This article was originally posted on Pro Remodeler and has been lightly edited.
There is a lot of confusion around how to treat the building envelope. Despite everything that’s been written about air sealing, insulation and drainage planes, a lot of myths persist. Perhaps this is because the science gets lost in minutia, or maybe it is just our tendency to reject facts that call into question what we think we know.
It all just seems so complicated, but the rules are really quite simple. Let’s start with some basic concepts using a metaphor I call “The Naked Carpenter in Minnesota.”
Air sealing. Our carpenter goes to work in the dead of winter wearing nothing but plastic wrap. He is perfectly air sealed, but he quickly freezes to death.
Insulation. Our carpenter goes to work wearing nothing but a fluffy fleece body suit. He is warm for a while, but the wind blows right through his suit, and after a few hours he freezes to death.
Insulation plus air sealing. Our carpenter goes to work wearing a fluffy body suit under a hard shell. He works all day, warm and dry, and goes home happy.
Super insulation plus air sealing. Our carpenter gets a gig in a really cold place, like Newfoundland or Antarctica. He wears a super-insulated down suit with a hard shell. Warm, dry, happy.

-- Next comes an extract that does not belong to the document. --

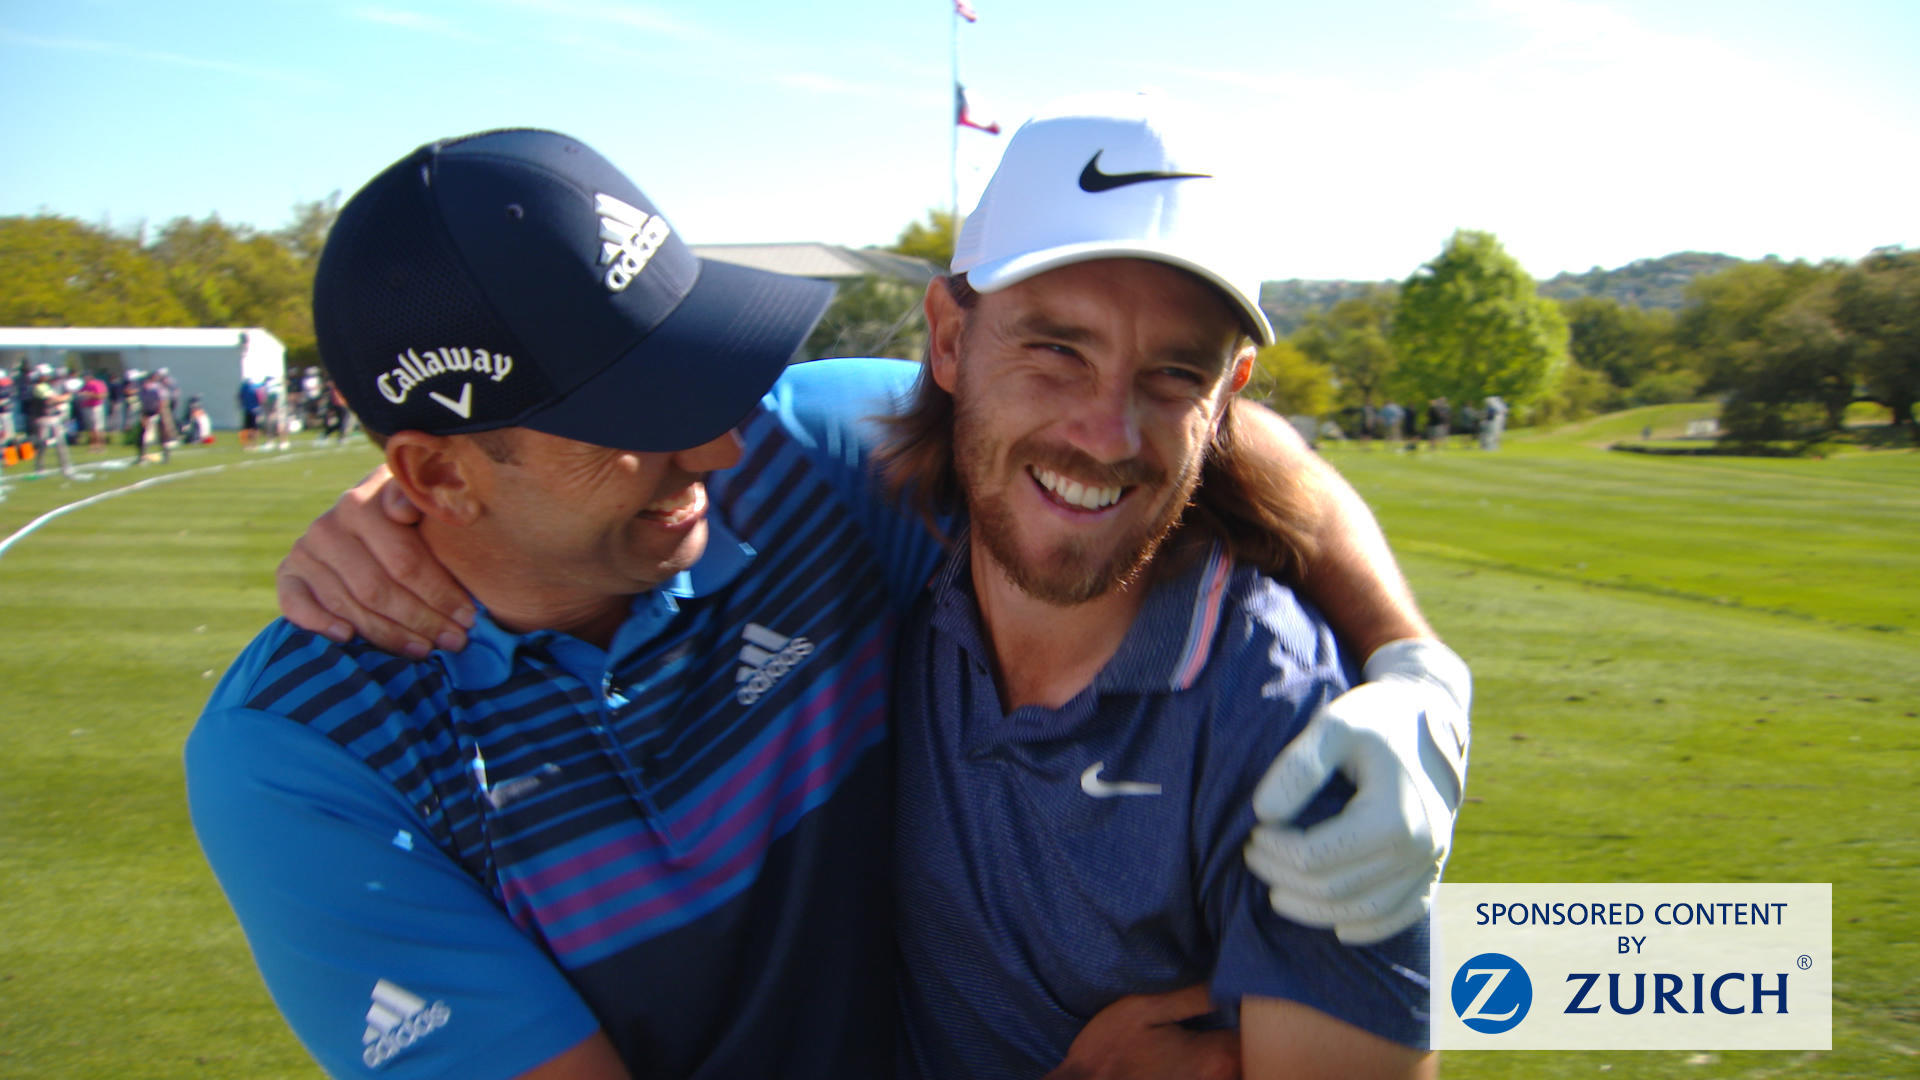 2019 RBC Heritage scores, grades: C.T. Pan edges Matt Kuchar to win first PGA Tour event

The North Face and Mountain Hardware have the whole insulating and air sealing thing down pat. Our carpenter’s skin corresponds to a home’s vapor-permeable building envelope, to which insulation (his fleece) and air sealing (his windbreaker) are added. Unlike our carpenter, on a house, it usually doesn’t matter where you put air sealing in the assembly, as long as it’s included somewhere. Insulation, on the other hand, belongs on the outside of the structure, where it’s continuous, not on the inside, where it’s interrupted by the framing.
These are simple rules that even we didn’t understand for a long time, and that we still tend to ignore. But virtually every building failure is a result of breaking these rules.
The right question
The focus on energy efficiency often centers around how much insulation we need, but that question reduces treatment of the building envelope to a calculation of the depth of the stud bays. As our Minnesota carpenter showed us that other factors, such as air movement and moisture, come in to play.

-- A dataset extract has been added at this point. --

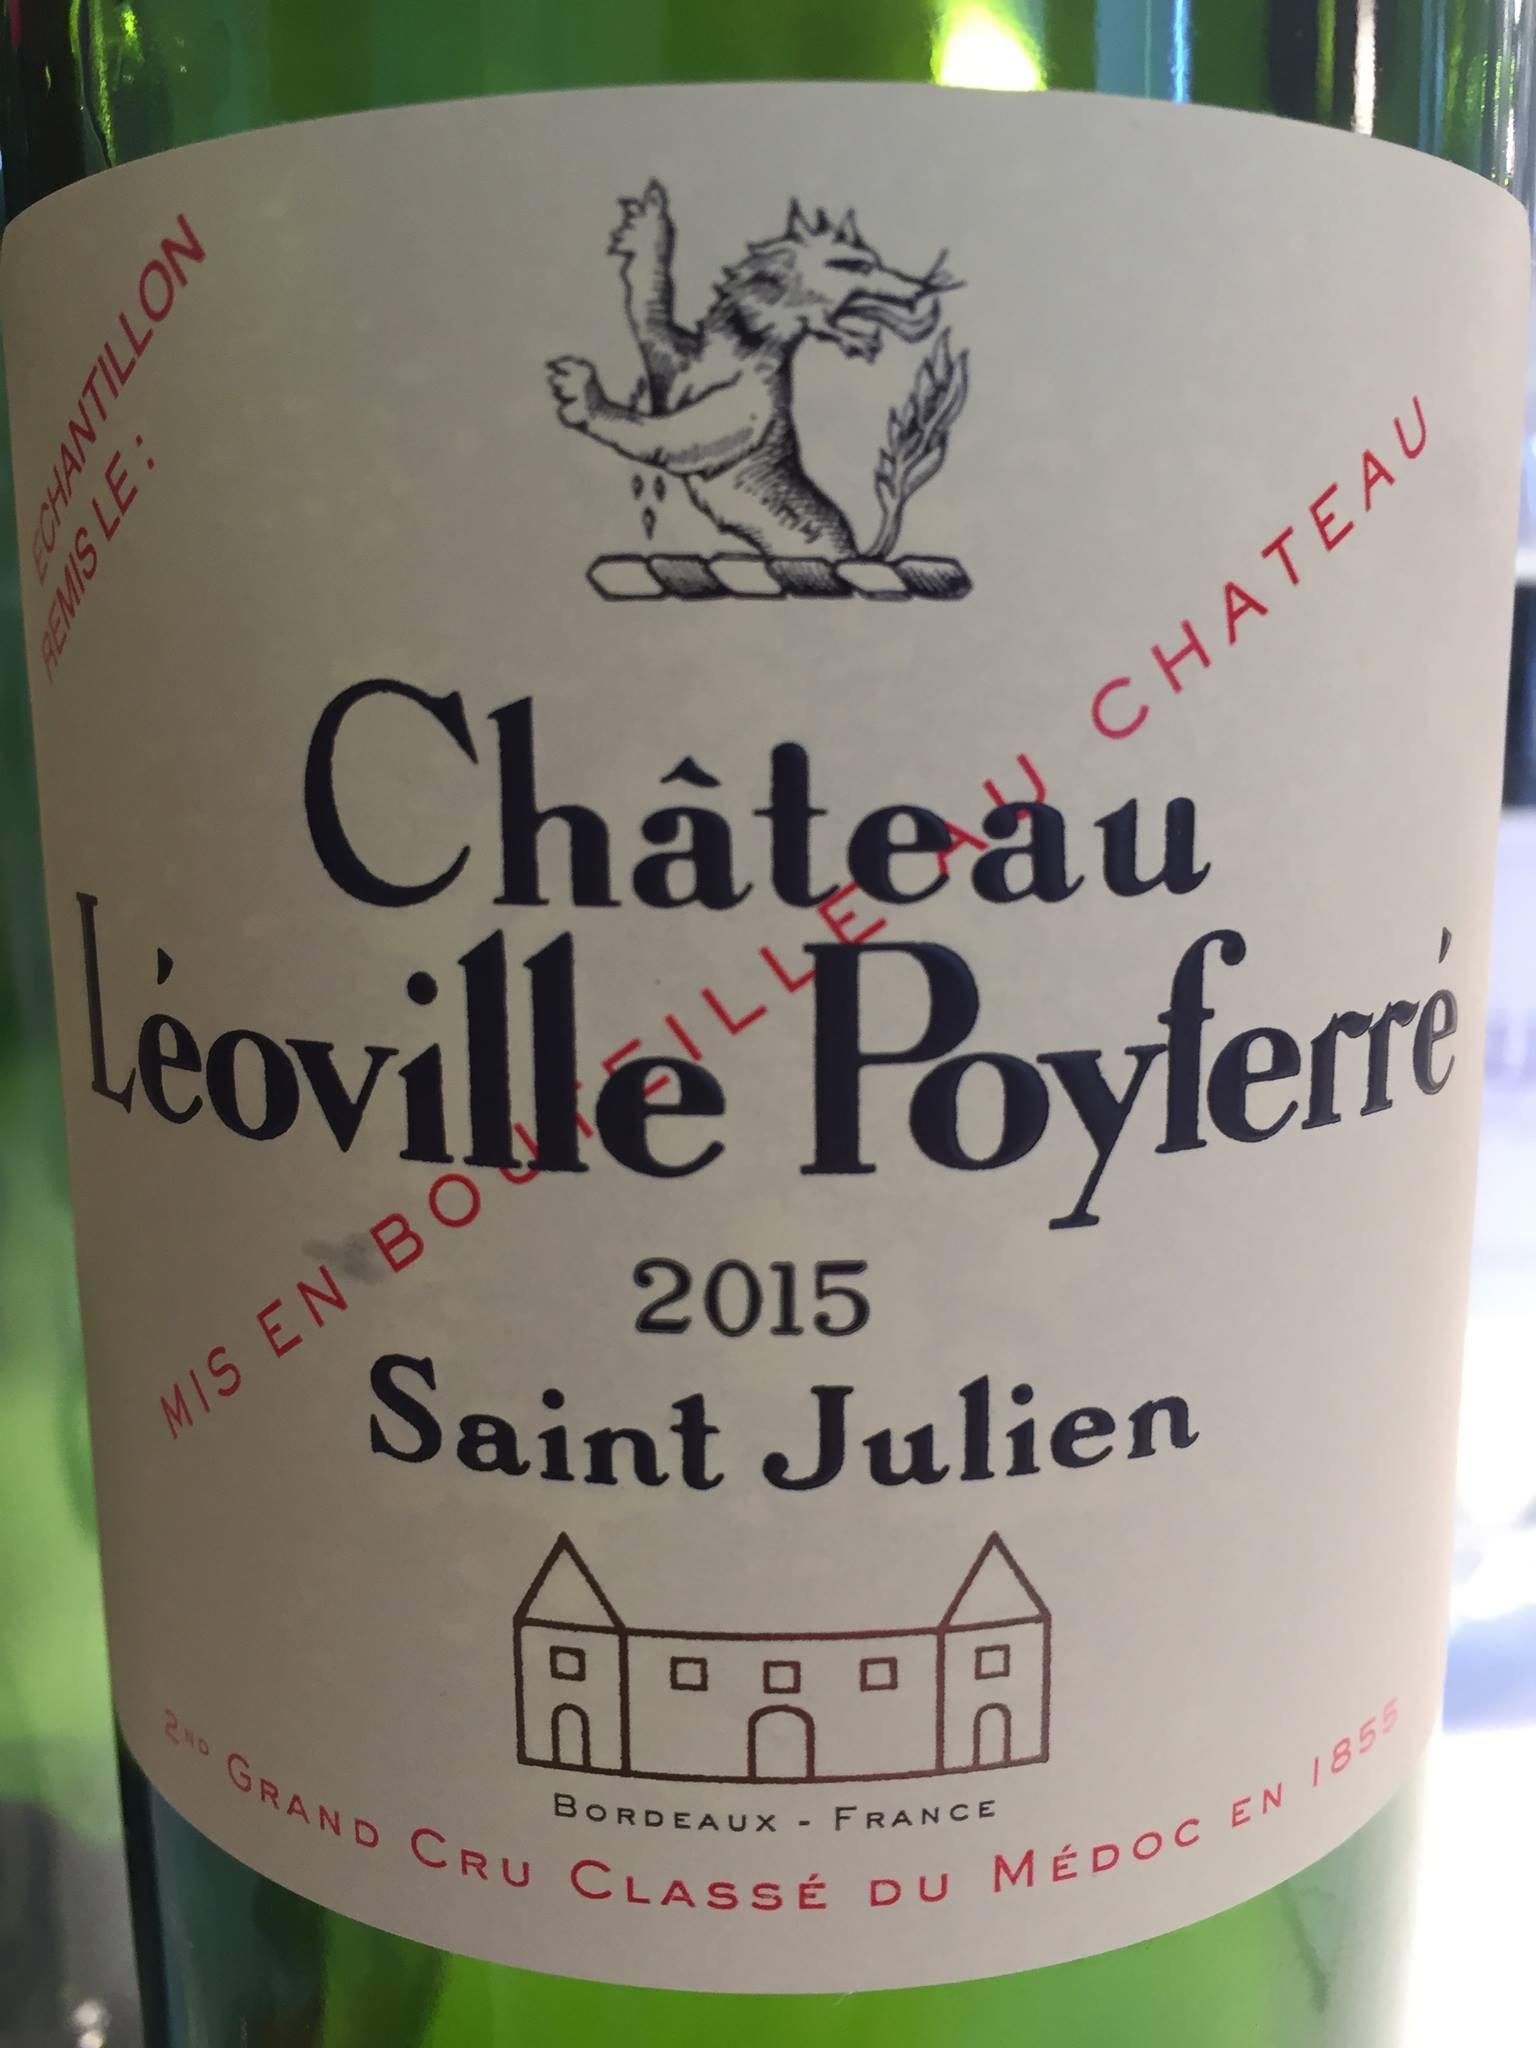 Château Léoville Poyferré 2015 – Saint-Julien, 2nd Grand Cru Classé

How much insulation do you need? Probably more than you have but less than you think you need. It’s the wrong question—or more accurately, it shouldn’t be the first question. Instead, we should focus on determining “continuous insulation value,” which considers all of the factors affecting the building envelope.
Here’s a simple tool that will allow you to identify 99 percent of potential envelope problems in any project. Get four pens in four colors. Now take out the plans and, without lifting the pens from the paper, see if you can draw an uninterrupted line around the structure to mark each of these four control layers:
- Thermal (red)
- Water—drainage plane and capillary breaks (blue)
- Air (purple)
- Vapor (yellow)
Work with 3-D views [1, main image] as well as floor plans and sections through walls, floors, and roofs [2 & 3, above] to visualize tricky intersections. Wherever your pen encounters an obstacle, make an “X” on the paper—those are the problem spots. The more X’s you have, the more lipstick you will need for that pig.
Remember the following:
- Insulation gets a red X every time it’s interrupted by a framing member.

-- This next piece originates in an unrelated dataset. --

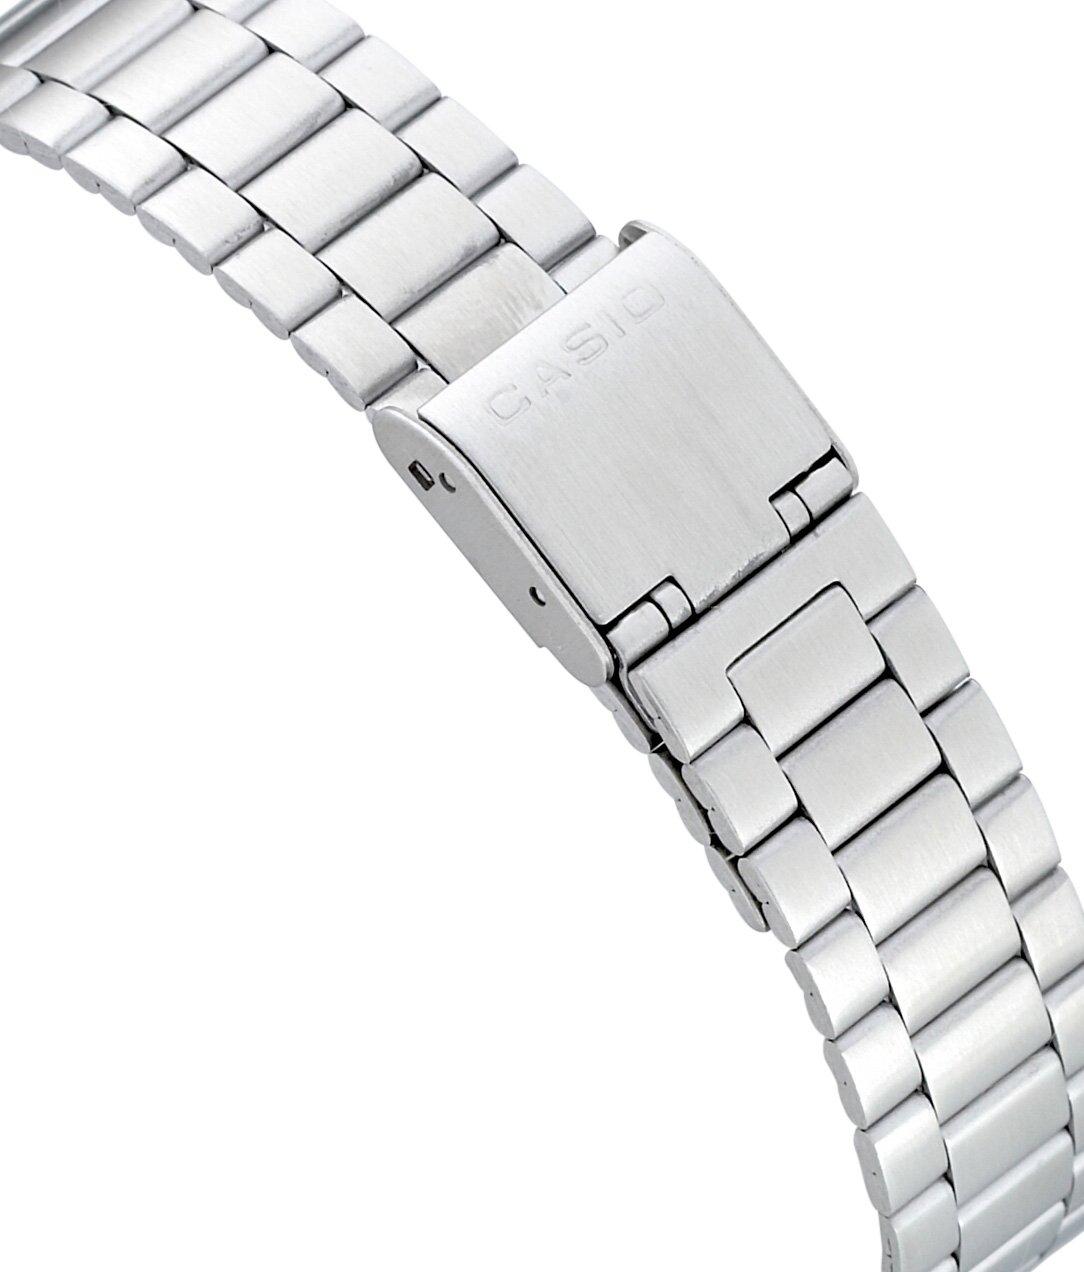 Casio Men's A168W-1 Stainless Steel Watch 1

- Concrete is porous and is a poor insulator.
- Everywhere two pieces of wood touch each other gets a purple X for air sealing.
- Anytime a pipe, duct or wire travels through a framing member, passes from one floor to the next, or crosses a thermal plane, it gets three X’s, one each for the air, thermal and vapor control layers.
Michael Anschel is president of Otogawa-Anschel Design+Build in Minneapolis, and a founding board member of Greenstar.